3. Electoral Gender Quotas: Women Activists Going Level Shopping

22Spanish left-wing parties had used measures to increase women’s representation in both party and public office since the late 1980s34. Party feminists working inside left-wing parties have been the leading actors of quota adoption in the Spanish case. The first quotas set a minimum proportion of 25 per cent women for both party bodies and electoral lists and by 1997 quotas adopted a gender-neutral definition establishing a minimum proportion of 40 per cent and a maximum of 60 per cent for either sex35. Efforts for the introduction of a quota imposed by law were initiated in the mid-1990s. Between 1996 and 2003 five bills were submitted by left-wing parties in the national parliament. However, some bills did not even make it to the floor debate while others were debated and rejected due to the (sole) opposition of the right-wing PP, which led by then the national government and held a majority of seats in the Spanish lower house.36 Furthermore, under conservative rule women’s political participation was a topic of very low priority for the state-wide equality machinery, the IM.37

23The blockade to electoral gender quotas at the state-wide parliament was partially circumvented at the regional level.

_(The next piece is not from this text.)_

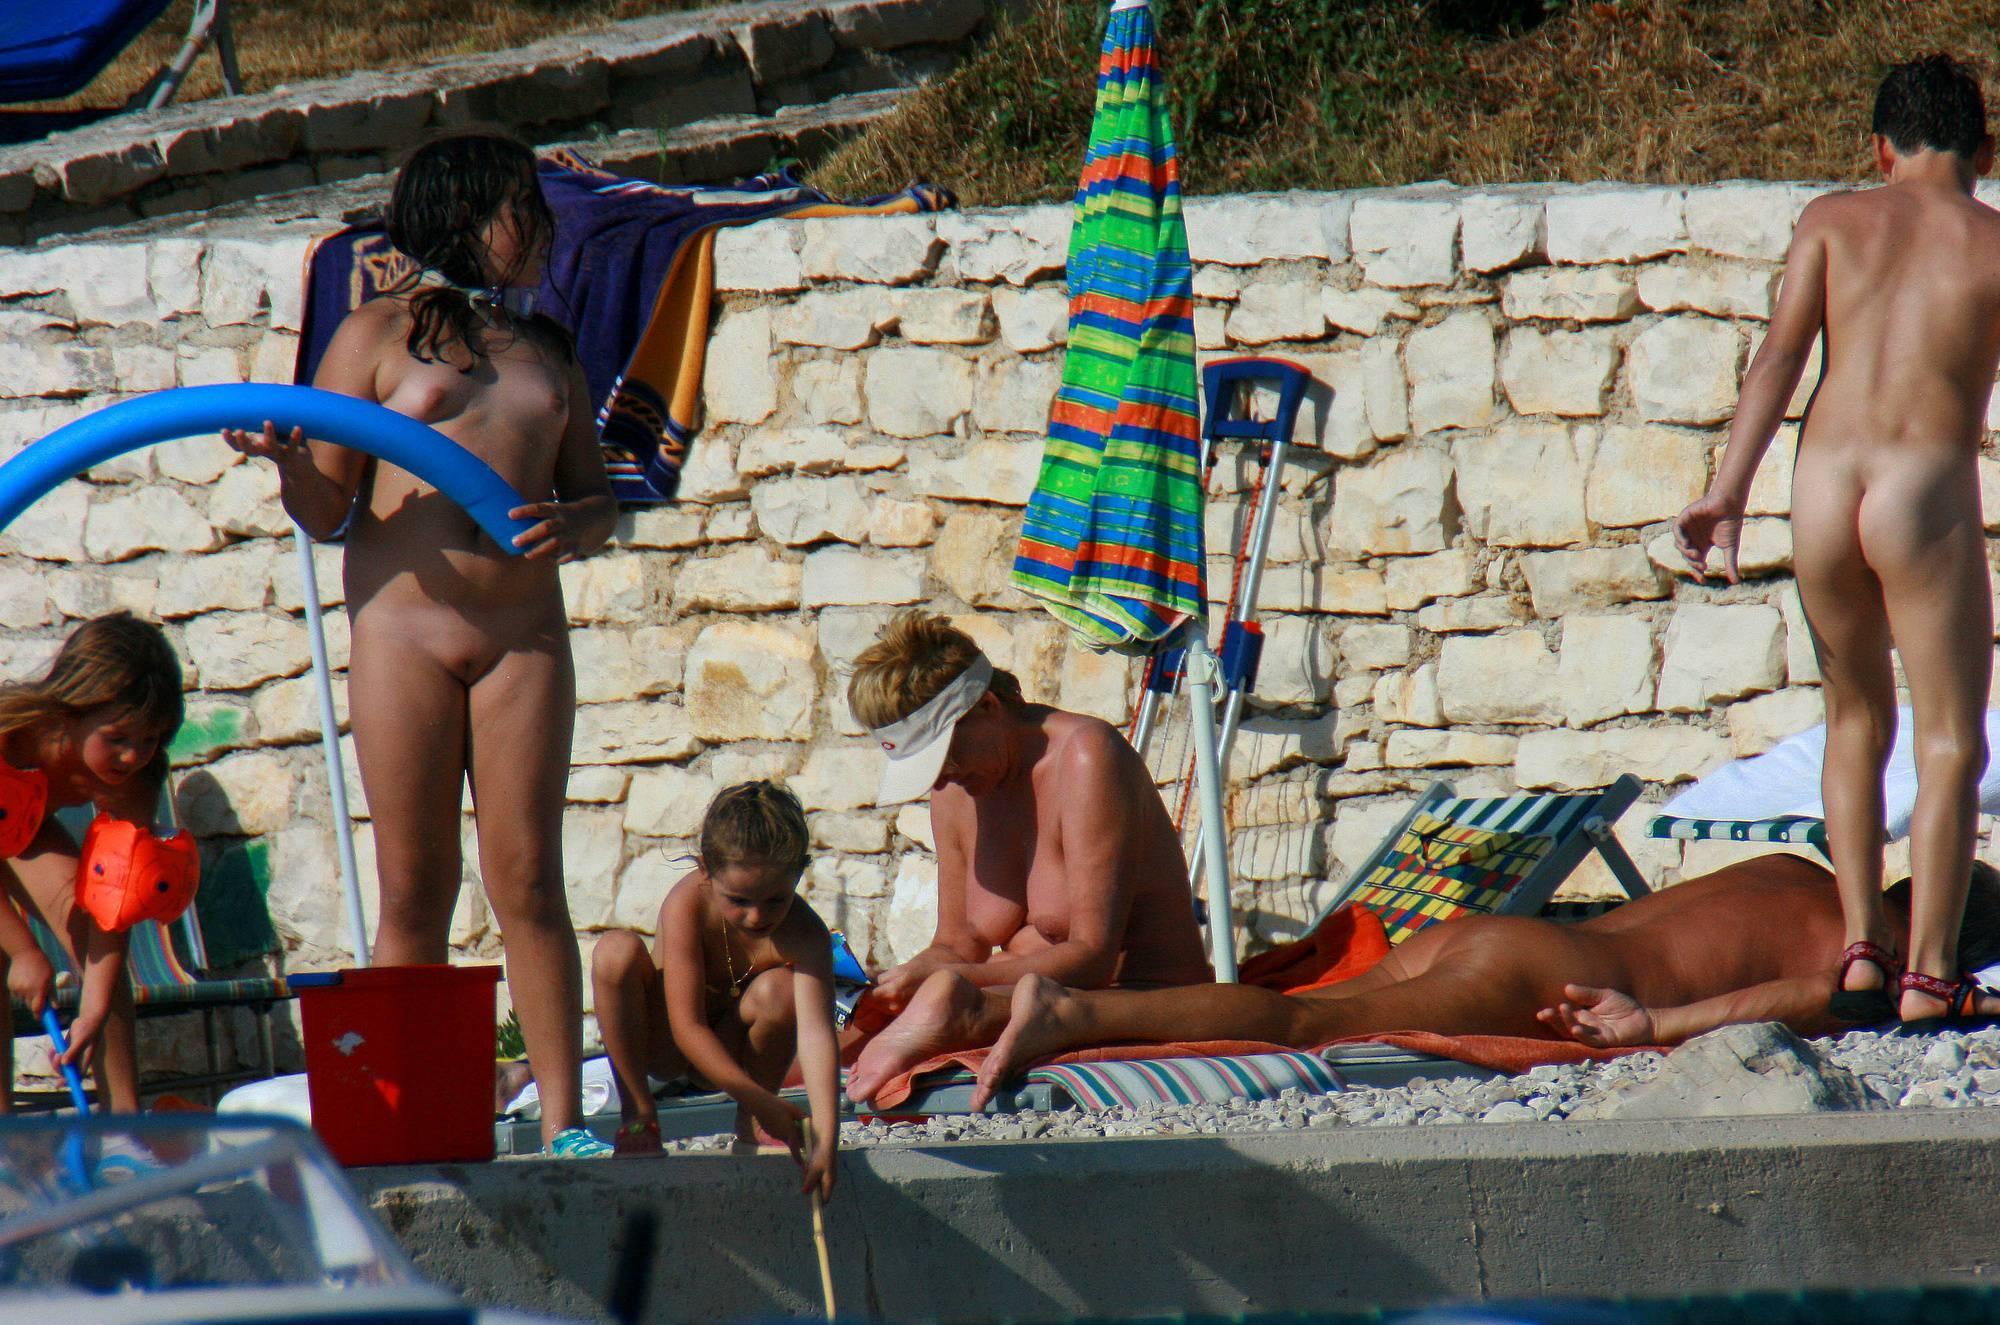 Nudist Pictures Ula FKK Shore Kid's Family - 2

In June 2002, the parliaments of Castile La Mancha and the Balearic Islands, where the PSOE held the majority of seats or was the senior member of a left-wing coalition cabinet, respectively, incorporated zipping into their regional electoral laws thereby imposing the strict alternation of women and men candidates throughout party lists. Nonetheless, the central government immediately lodged an appeal to the Constitutional Court, effectively suspending the implementation of these electoral reforms until the judgment was issued38. In 2003, in response to the blockade of the PP to the reform of the above mentioned regional electoral laws, left-wing parties in Castile La Mancha and the Balearic Islands voluntarily applied zipping upon the composition of their lists for that year’s regional elections and in the other regions the PSOE called its regional branches for a strict application of its 40:60 per cent quota. Emulating the PSOE, the PP also experienced a net increase in women’s representation in the majority of regional assemblies39. As a result, in 2003 nine regional parliaments had over 35 per cent of women, three of which reaching over 40 per cent – which in Spain has been defined as the minimum threshold for parity – and one of them (Castile La Mancha) electing 51 per cent of regional legislators. Furthermore, four regional cabinets also included slightly over 40 per cent of women regional ministers – the PSOE-led governments in Andalusia, Balearic Islands and Asturias and the PP-led government in Castile Leon40.

24Right after winning the 2004 general elections, the PSOE government withdrew the unconstitutionality appeals that were pending on the regional quota laws and announced the preparation of a bill to promote gender equality in different policy areas, including political office. In order to show the party’s commitment to gender equality in political office, the Prime Minister, Rodríguez Zapatero, appointed the first state-wide parity cabinet (eight women and eight men, including a female Deputy Prime Minister). In the meanwhile, two other regions reformed their electoral laws. In 2005 the Basque Country (led by nationalist parties) granted women a minimum of 50 per cent of positions in party lists (therefore allowing all-women lists) and at least 40 per cent of cabinet offices (the only region with this requisite), and Andalusia (led by the PSOE) introduced the aforementioned zipping principle.

25The state-wide statutory quota finally saw the light in 2007 with the passing of the Equality Law, supported of all parties in the lower house, except for the abstention of the PP – precisely in opposition to quotas. In the field of political representation, the Equality Law established that party lists must include a minimum of 40 per cent and a maximum of 60 per cent of either sex. This proportion must be respected too in each stretch of five candidates. Non-compliant lists are withdrawn by the electoral authorities. The statutory quota applies to all elections (legislative, regional, local, and European Parliament). The Equality Law allows for more favourable measures for women in regional electoral laws, thus supporting the legality of zipping, which shall produce 50 per cent of candidatures for both men and women, yet limiting the Basque Law in that no more than 50 per cent women candidates can be fielded41. No further regional quota laws have been passed since the Equality Law was introduced.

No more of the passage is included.